Work item |
Only the pictures should be dropped; every line of the data must come back exactly as written.

Data shown |
- Opening Delimiter -

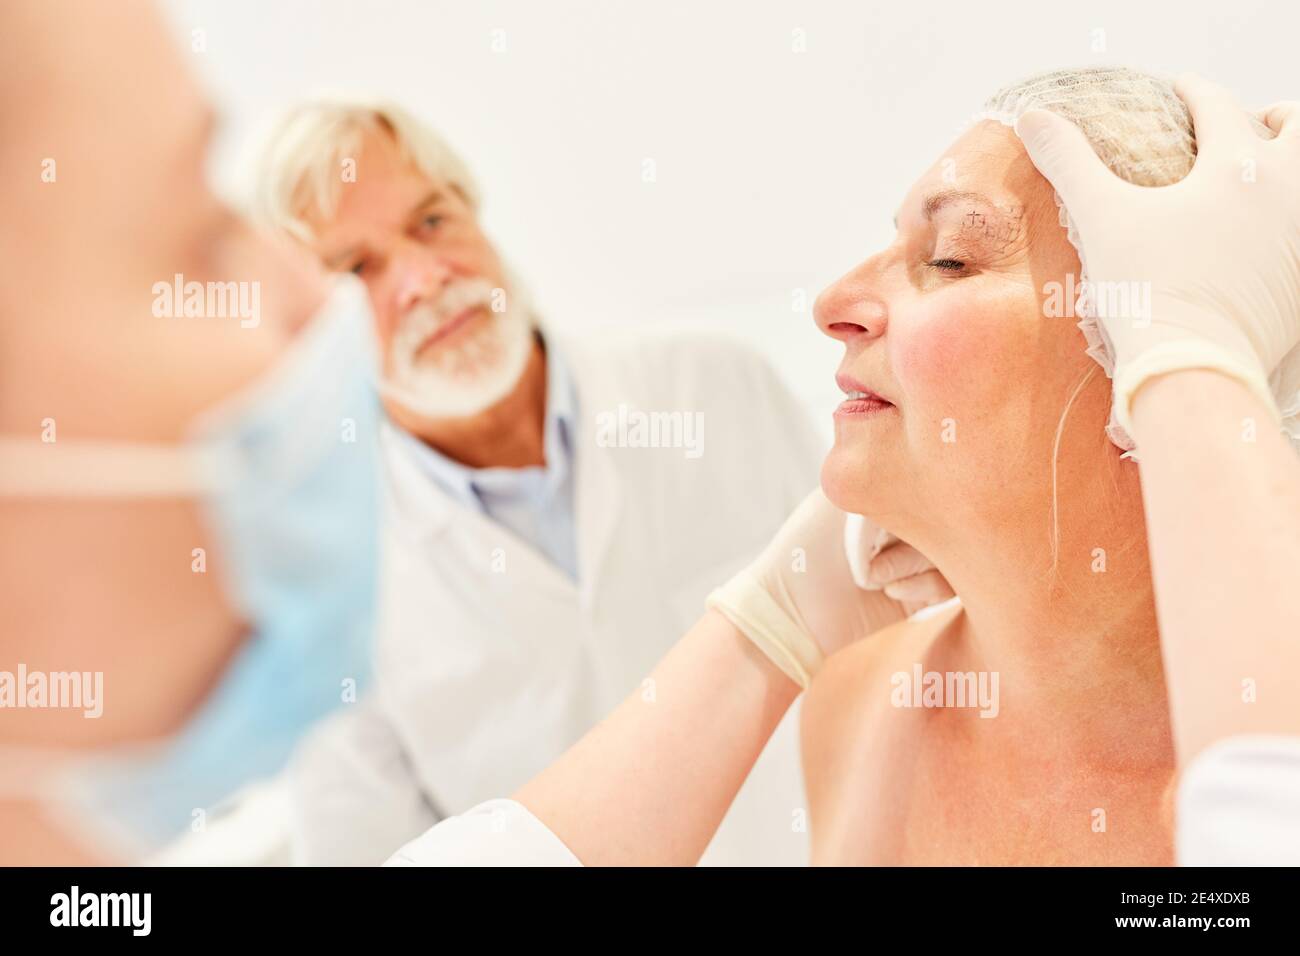 Spécialistes en chirurgie esthétique vérifiant une correction de paupière dans un femme âgée Banque D'Images
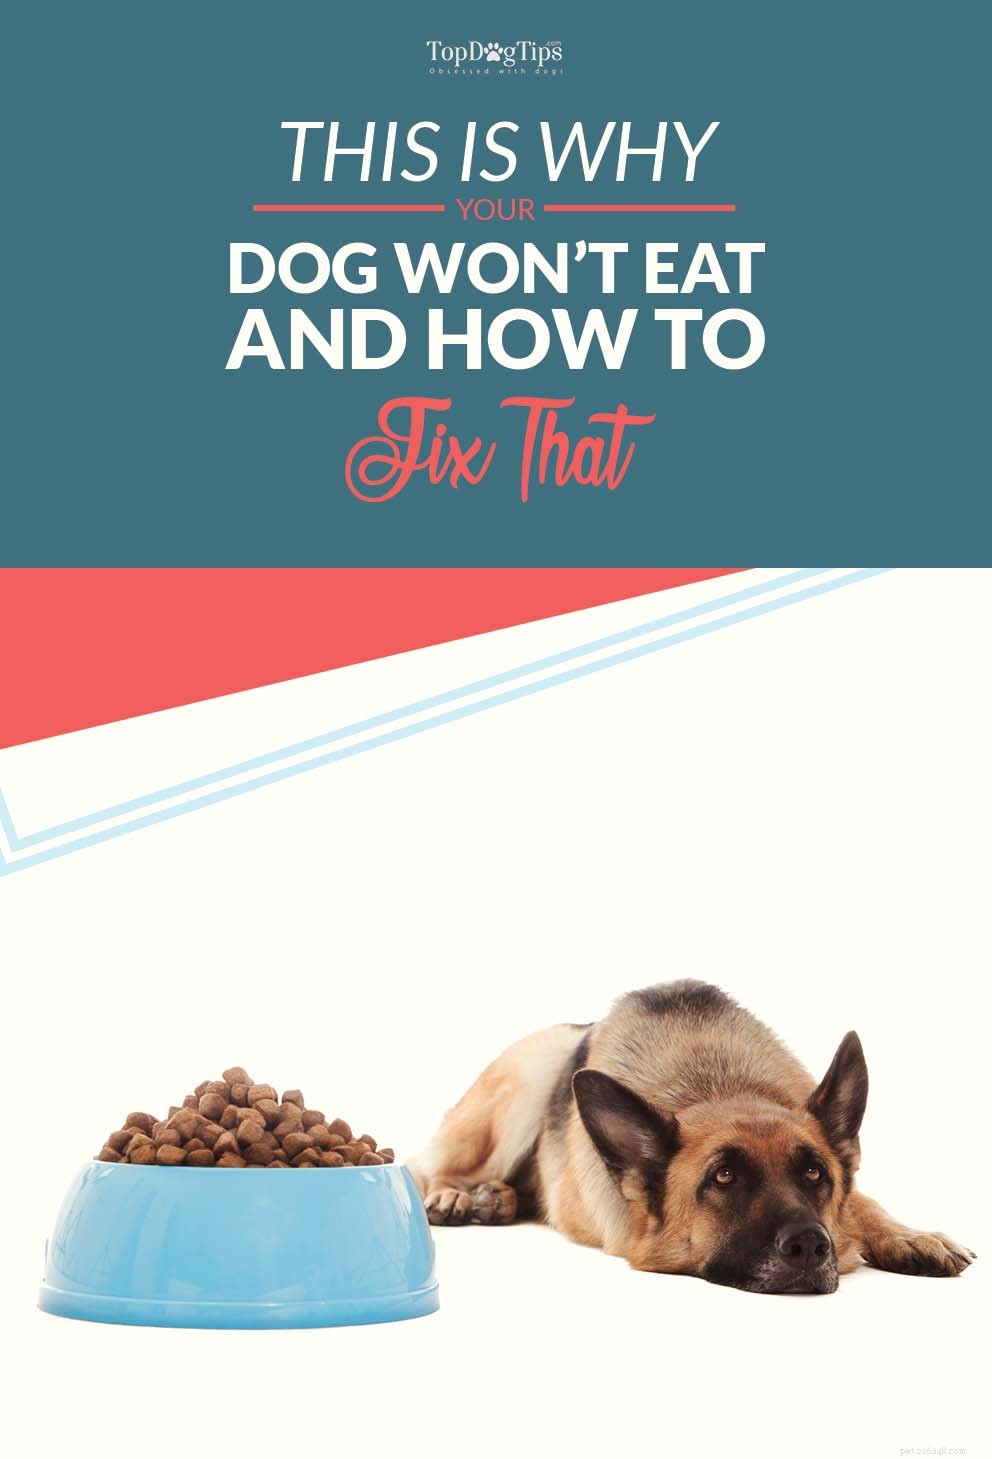 Perché il mio cane non mangia? Ecco perché i cani possono rifiutare il cibo
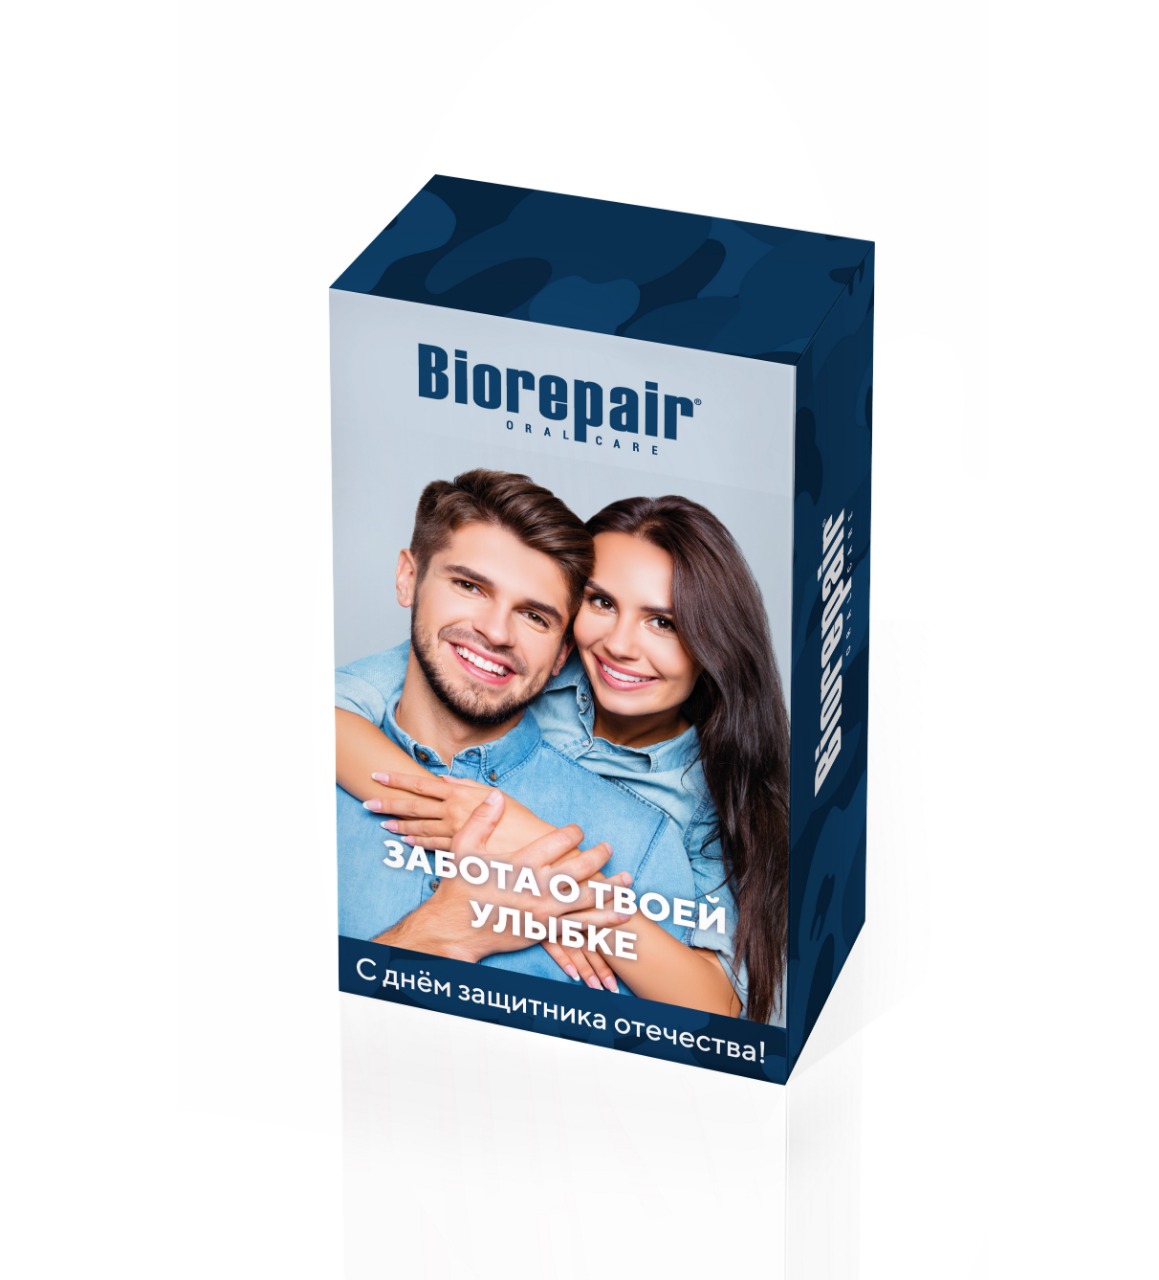 Купить Biorepair Набор в коробке Biorepair Забота о твоей улыбке: Biorepair ProWhite + Night (Biorepair, Отбеливание и лечение), Италия

- Closing Delimiter -

Result of the exercise |
 Spécialistes en chirurgie esthétique vérifiant une correction de paupière dans un femme âgée Banque D'Images
 Perché il mio cane non mangia? Ecco perché i cani possono rifiutare il cibo
 Купить Biorepair Набор в коробке Biorepair Забота о твоей улыбке: Biorepair ProWhite + Night (Biorepair, Отбеливание и лечение), Италия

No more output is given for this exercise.